_Data provided:_
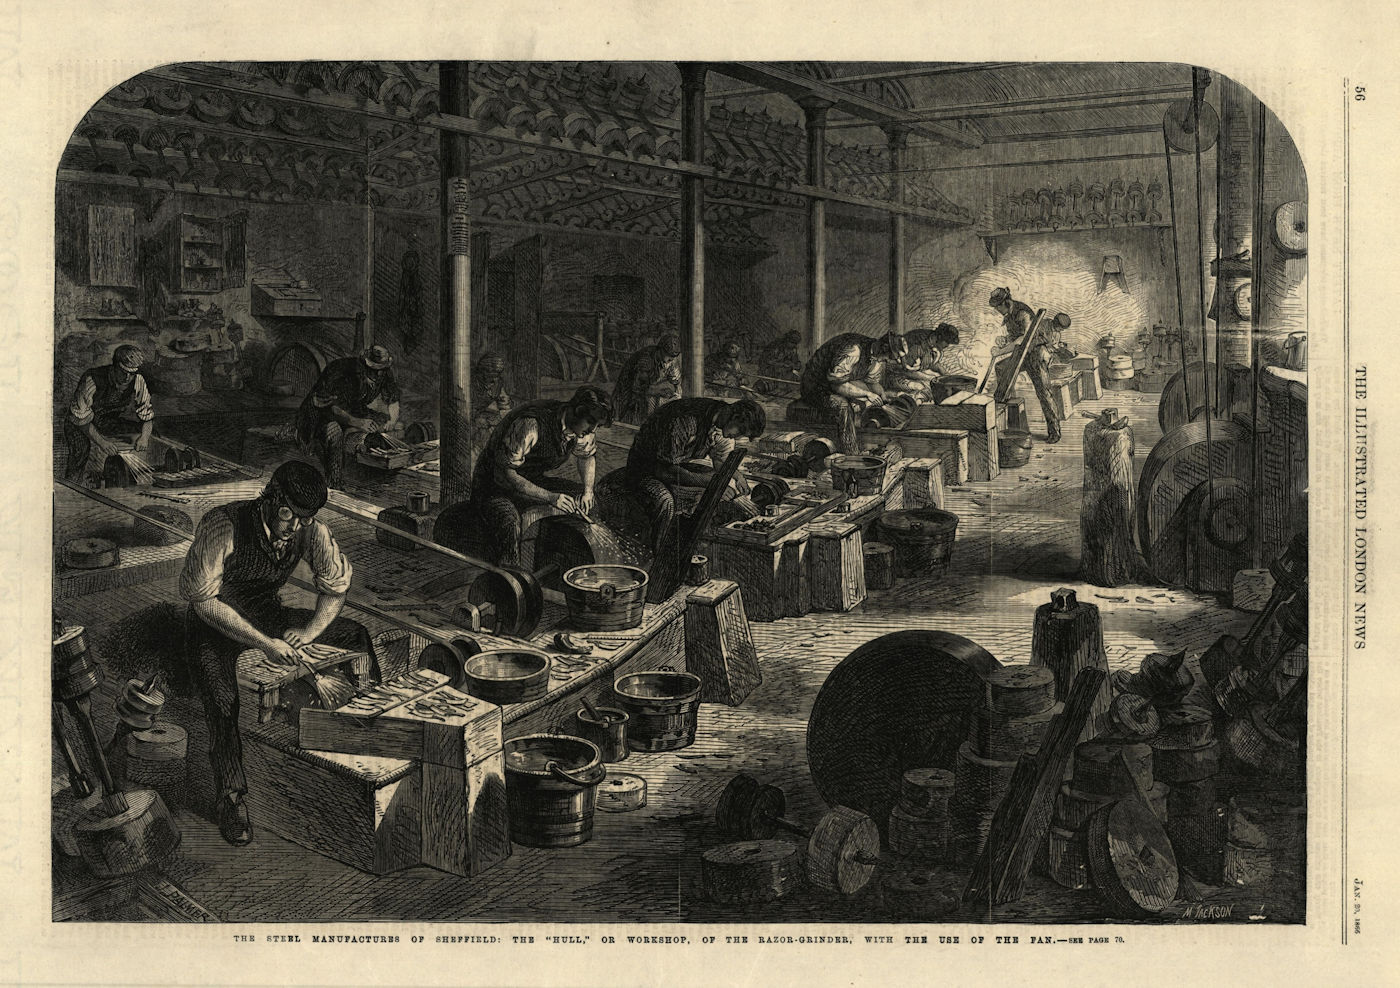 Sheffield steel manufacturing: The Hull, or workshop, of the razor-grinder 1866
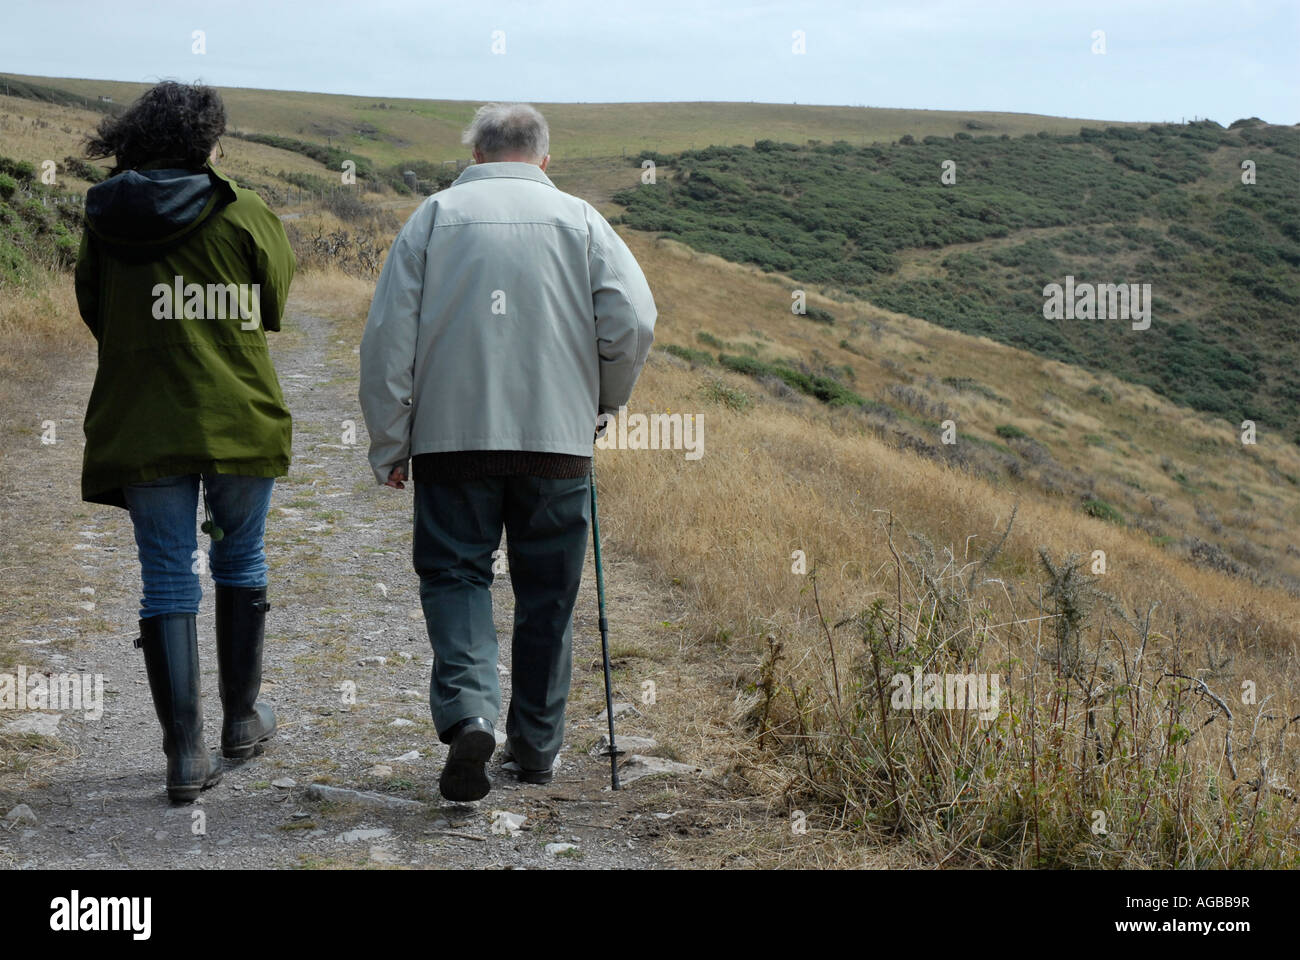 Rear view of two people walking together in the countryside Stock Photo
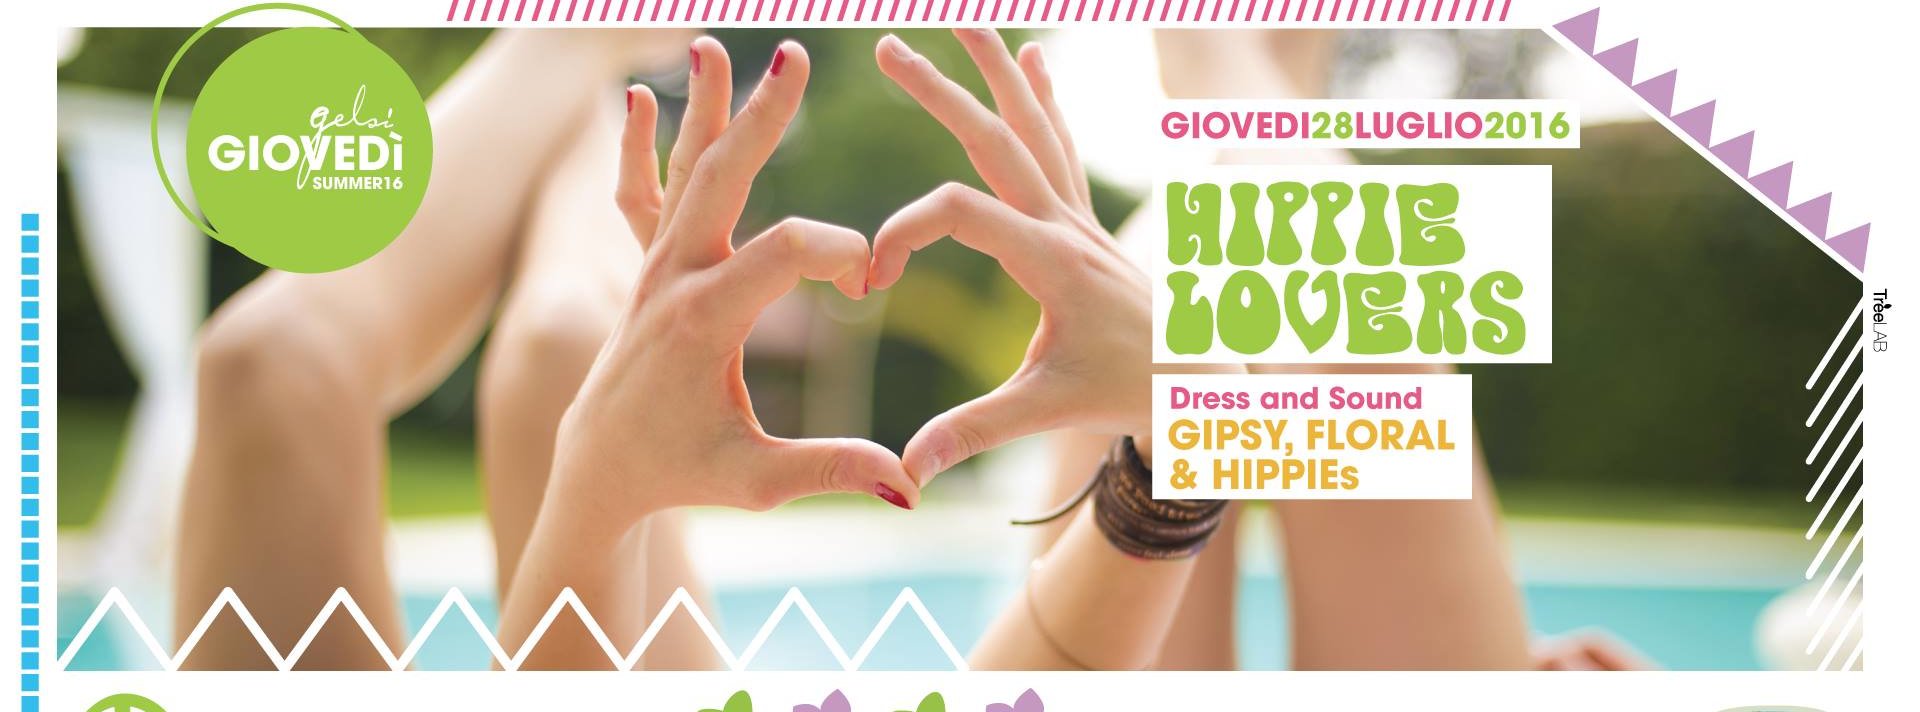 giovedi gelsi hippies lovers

==

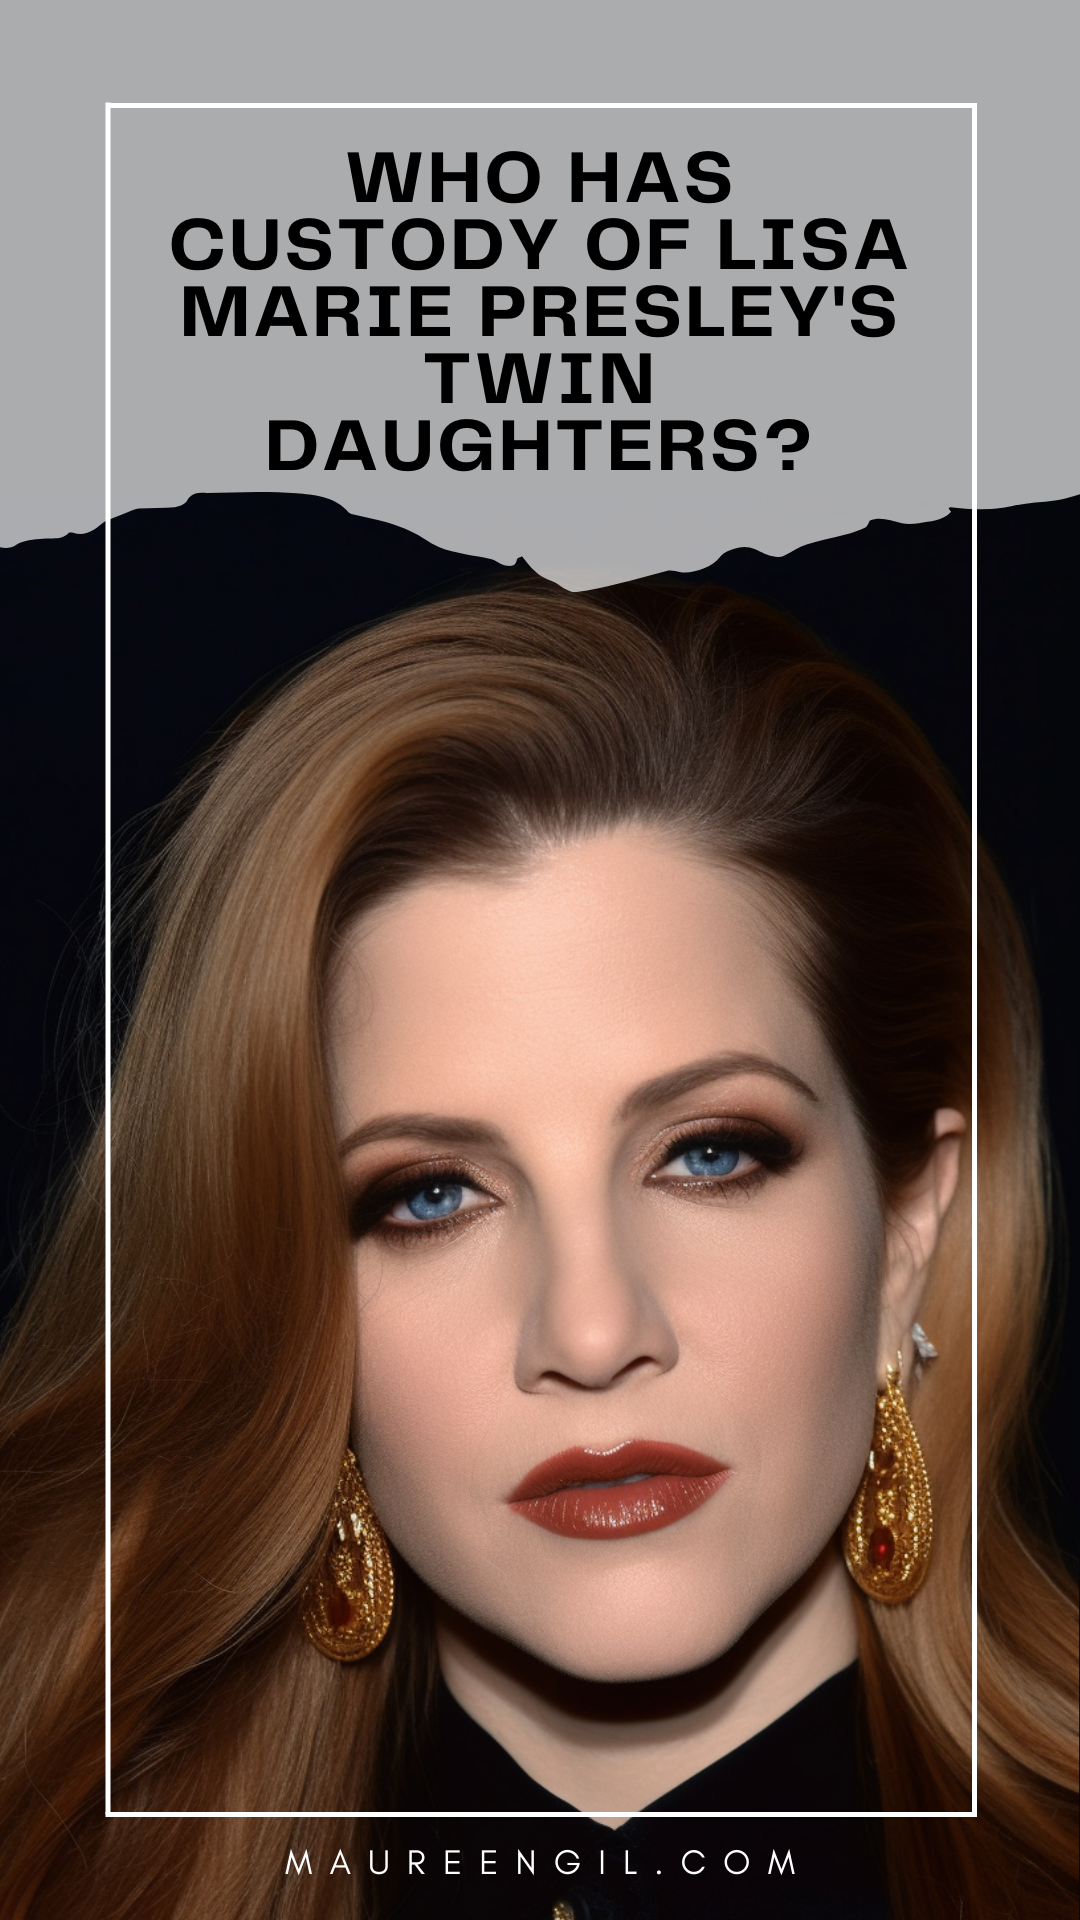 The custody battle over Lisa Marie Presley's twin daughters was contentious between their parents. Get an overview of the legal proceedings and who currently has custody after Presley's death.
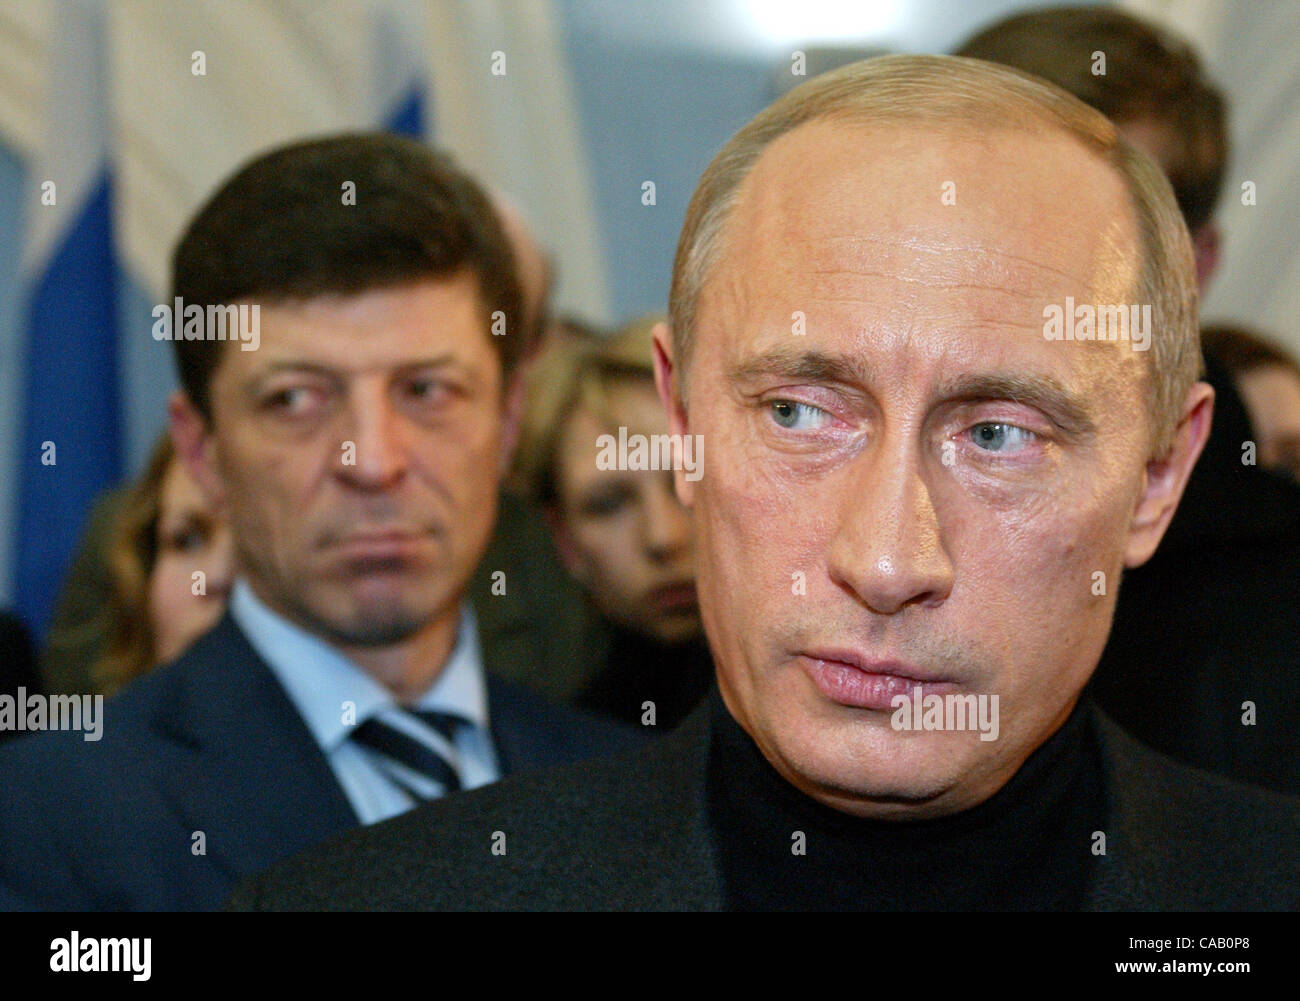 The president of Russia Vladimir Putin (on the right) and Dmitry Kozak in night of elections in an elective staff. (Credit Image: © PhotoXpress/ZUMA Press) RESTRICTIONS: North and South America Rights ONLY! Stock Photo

---

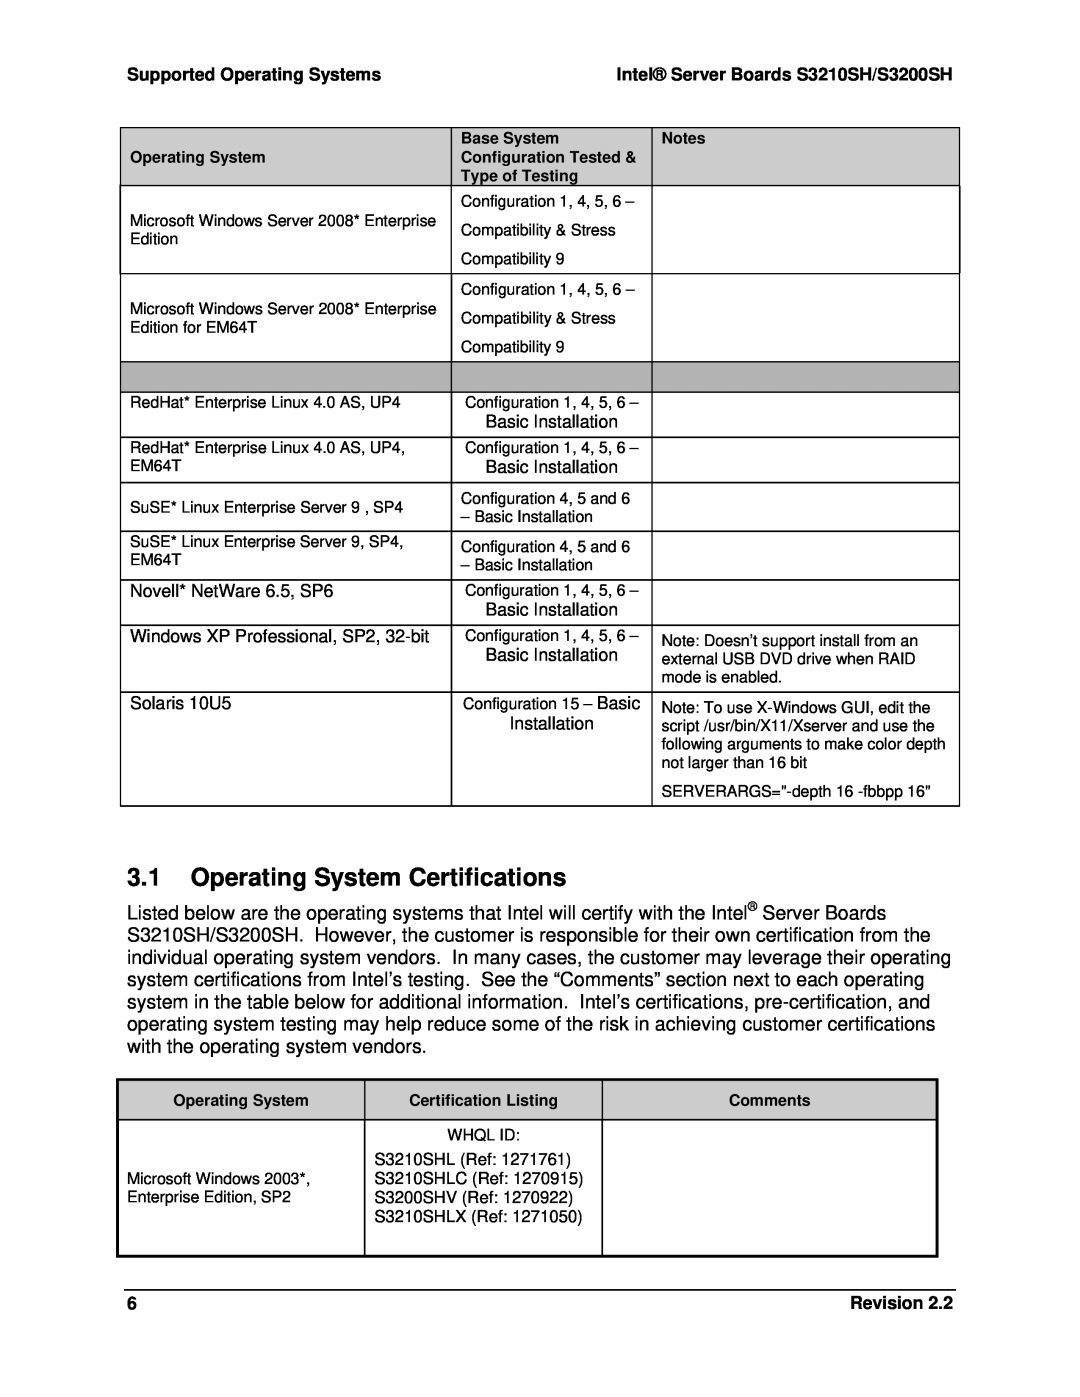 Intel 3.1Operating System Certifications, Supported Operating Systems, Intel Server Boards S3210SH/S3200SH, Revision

_Your objective:_
Transcribe the listing above exactly, but only from the line with "Rear view of" through the line with "giovedi gelsi hippies lovers". Include both of those lines and omit the pictures.

_Solved problem:_
 Rear view of two people walking together in the countryside Stock Photo
 giovedi gelsi hippies lovers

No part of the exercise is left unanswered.